BAYSWATER charges the lowest average rates in the metropolitan area, but the local ratepayers’ association says the figures don’t tell the full story.
Peppermint Grove topped the rates list with a whopping average bill of $4161 (rubbish included) while Baysy was the cheapest at $1063.72, with a rates rise of 3.75 per cent.
The second cheapest council was Kwinana with an average bill of $1158.
Tony Green (below, right), president of the Bayswater City Residents’ Association, says while the city’s rates rise was “fairly moderate” the process in setting rates needed more transparency.
“If you look across all local governments in the metropolitan area, there are huge fluctuations in rates rises,” he says.
“To use CPI as a benchmark is wrong, we need to look at the local government price index, which is more indicative of what councils spend money on.”
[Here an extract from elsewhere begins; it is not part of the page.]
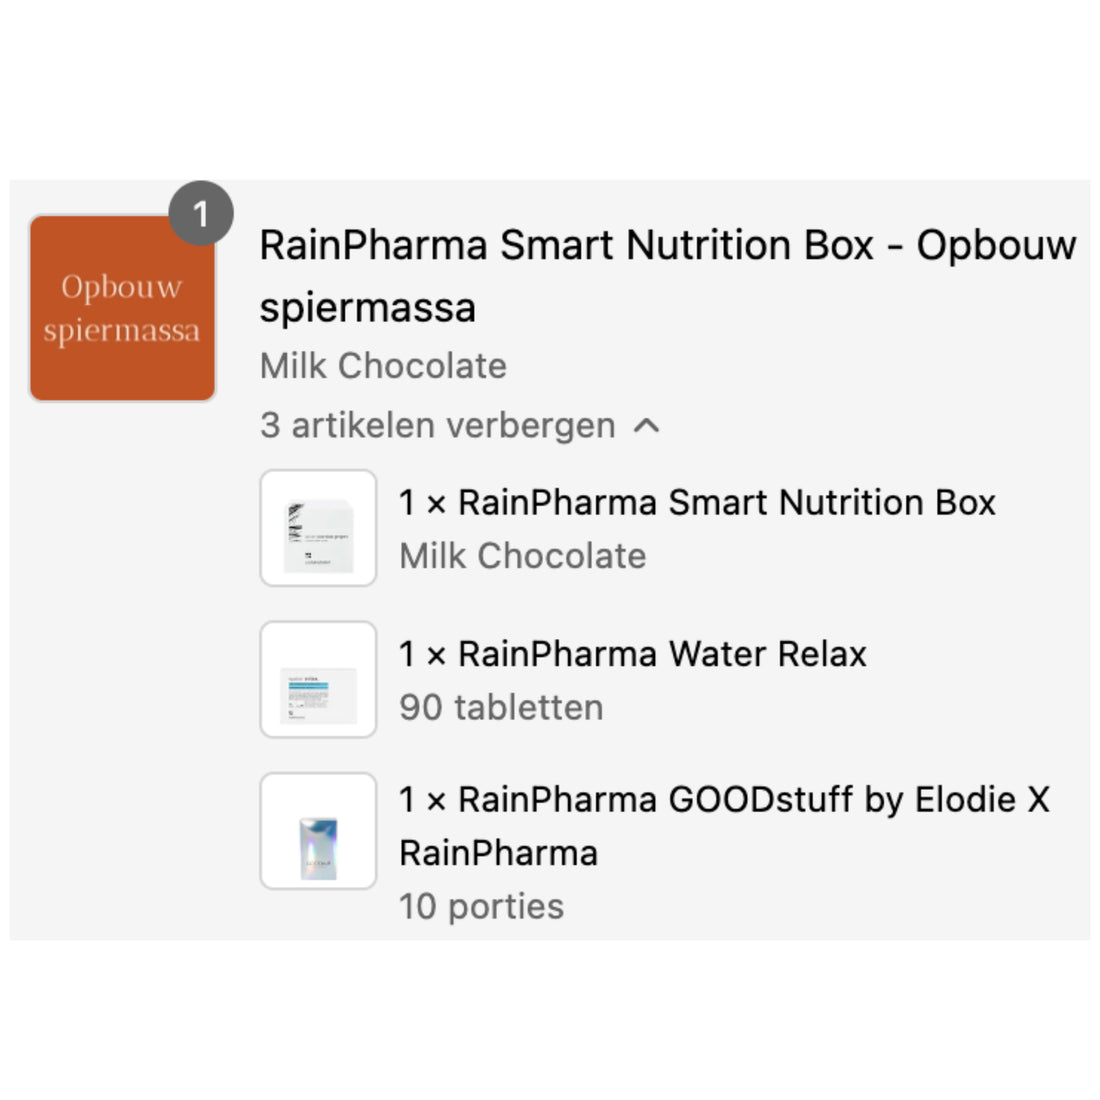 RainPharma Smart Nutrition Box - Opbouw spiermassa

Huge rates rises well over the rate of CPI — East Fremantle 6.25 per cent, Victoria Park 8 per cent — have drawn criticism from premier Colin Barnett who has backed investigating rates capping.
East Fremantle CEO Gary Clark says rate caps are politically attractive to voters, but damaging to communities in the long term.
“Many local governments are starting to see the consequences of keeping rates low,” he says.
“For instance, rate-capping is very popular, but they’ve had it in NSW for years, and their local infrastructure is some of the worst in the country.”
New WA local government association President Lynne Craigie also disapproved of rate capping.
“Establishing whether rate levels are reasonable requires a conversation between individual councils and their community,” she says.
“The outcome of rate capping in other jurisdictions has merely been the deterioration of infrastructure as funding shifted away from asset replacement and maintenance to underwrite operating costs.
“In Western Australia, rates represent approximately 42 per cent of council income.”